2-L’esortazione di badare alle esigenze giovanili è di un’ovvietà disarmante.Lo avrebbe detto anche Massimo Catalano a “Quelli della Notte”, indimenticabile trasmissione di Renzo Arbore. Max diceva:“è meglio vivere con due pensioni anziché con una”. Il discorso è stato cardinalizio (direbbe ancora Montanelli) e quasi da maggiordomo dell’establishment.

3- Non possiamo  pensare che l’allievo prediletto di Federico Caffè si sia acconciato a sciorinare asserzioni di portata dozzinale.

Qualche maligno ha insinuato che questa prolusione  dia la stura ad  una possibile candidatura per le prossime elezioni da Presidente della Repubblica. Ma non vorremo crederci.

Sarebbe stato un discorso originale, di ius novum se Draghi, in continuità con quanto affermato nell’intervento ospitato sulle colonne del Financial Times, avesse detto una verità sacrosanta e fondamentale: bisogna cancellare i debiti, perché

a) l’economia non dà segni di ripresa;

b) il prodotto interno lordo non tira;

c) il sistema bancario è irresponsabile ed ha concesso soldi e mutui ai soliti noti e le linee di credito non hanno finanziato la ripresa, ma sono state necessarie per ripianare esposizioni debitorie precedenti.

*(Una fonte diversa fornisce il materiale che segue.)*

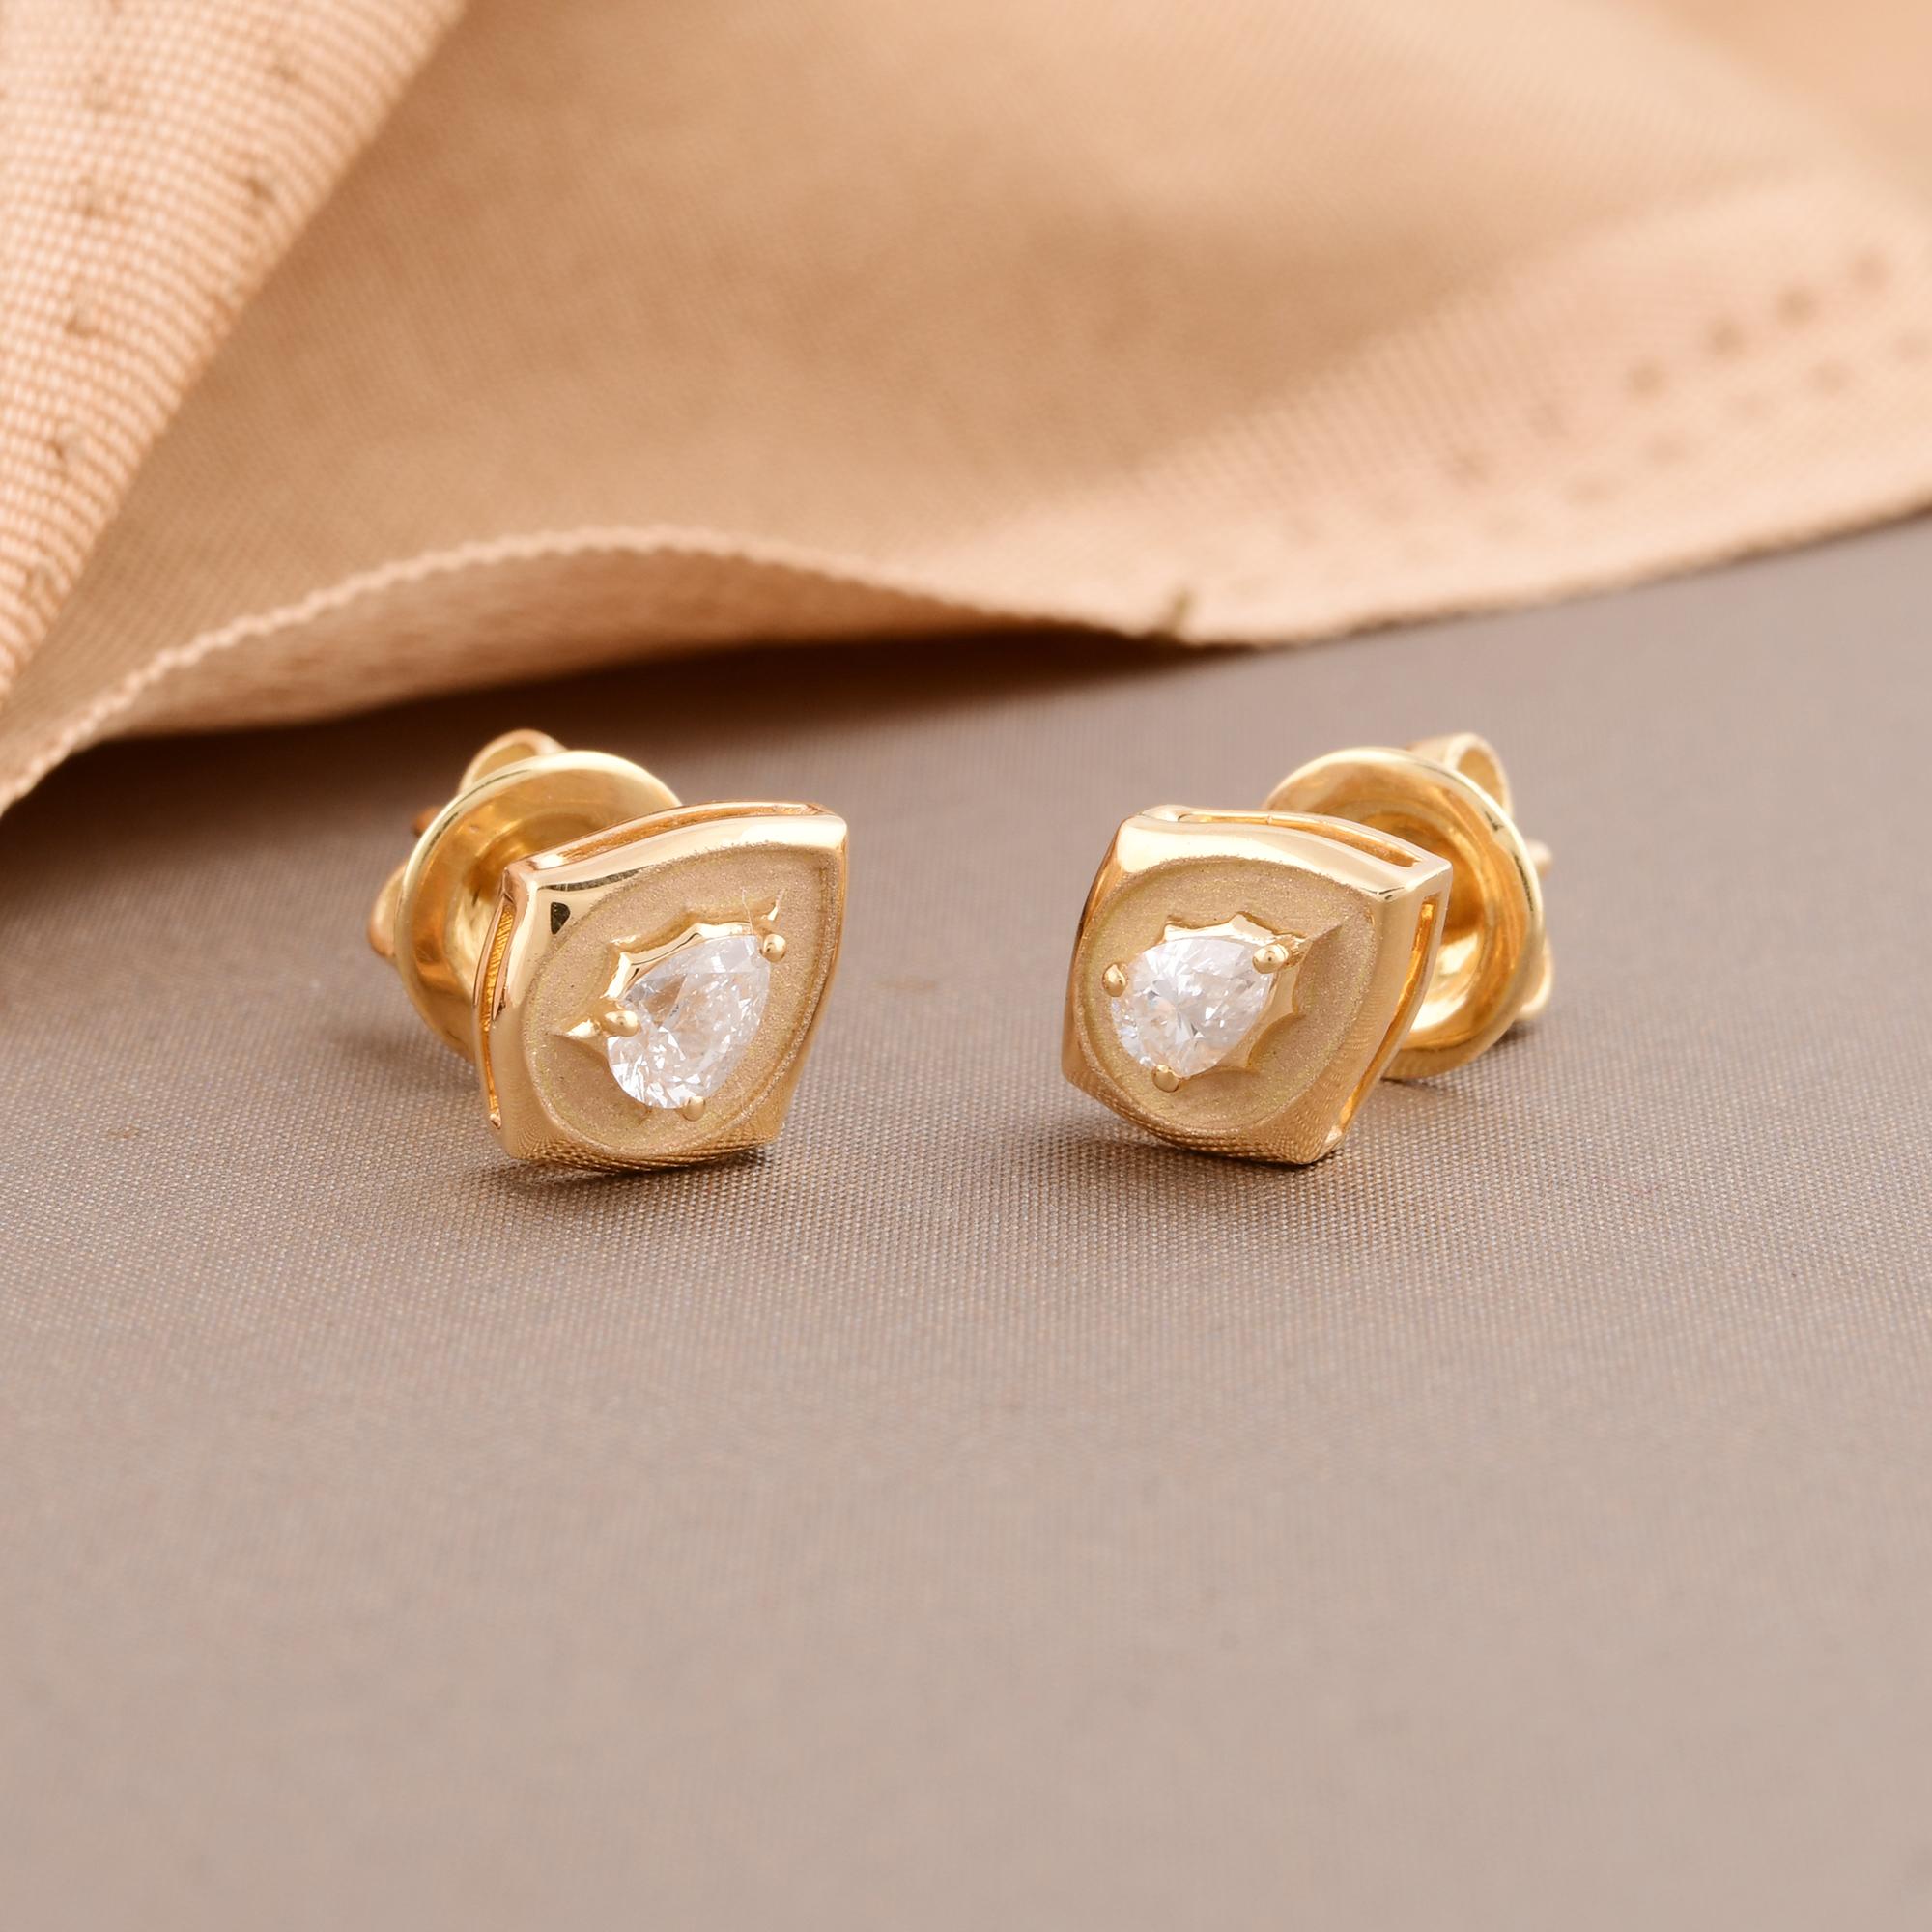 Pear Cut 0.29 Carat Pear Diamond Stud Earrings 14 Karat Yellow Gold Handmade Fine Jewelry For Sale

d) Le imprese sono stremate e non hanno soldi per rientrare con il Fisco e con le Banche: le aule fallimentari si preparano. alla ripresa, a scuoiare vivi gli imprenditori: sarà il massacro di macellerie giudiziarie.

Nessuno ha rimproverato le banche che fanno il loro comodo indisturbate. Draghi lo avrebbe potuto fare- dall’alto della sua autorevolezza europea-e non lo ha fatto esotericamente,misteriosamente.

Ecco, se Draghi avesse ricordato, Luigi Einaudi, Marshall, Keynes (Le conseguenze economiche della Pace) avrebbe potuto segnare uno spartiacque, determinare una rivoluzione copernicana.

Nelle pandemie, dove non vi è la colpa dell’uomo, si cancellano i debiti.

E l’economia riparte.

Legga la Rivoluzione della plebe nell’antica Roma e ripassi la lezione di Federico Caffè, la solitudine del riformista.

Ma così non è stato e Draghi è nella solita pastoia.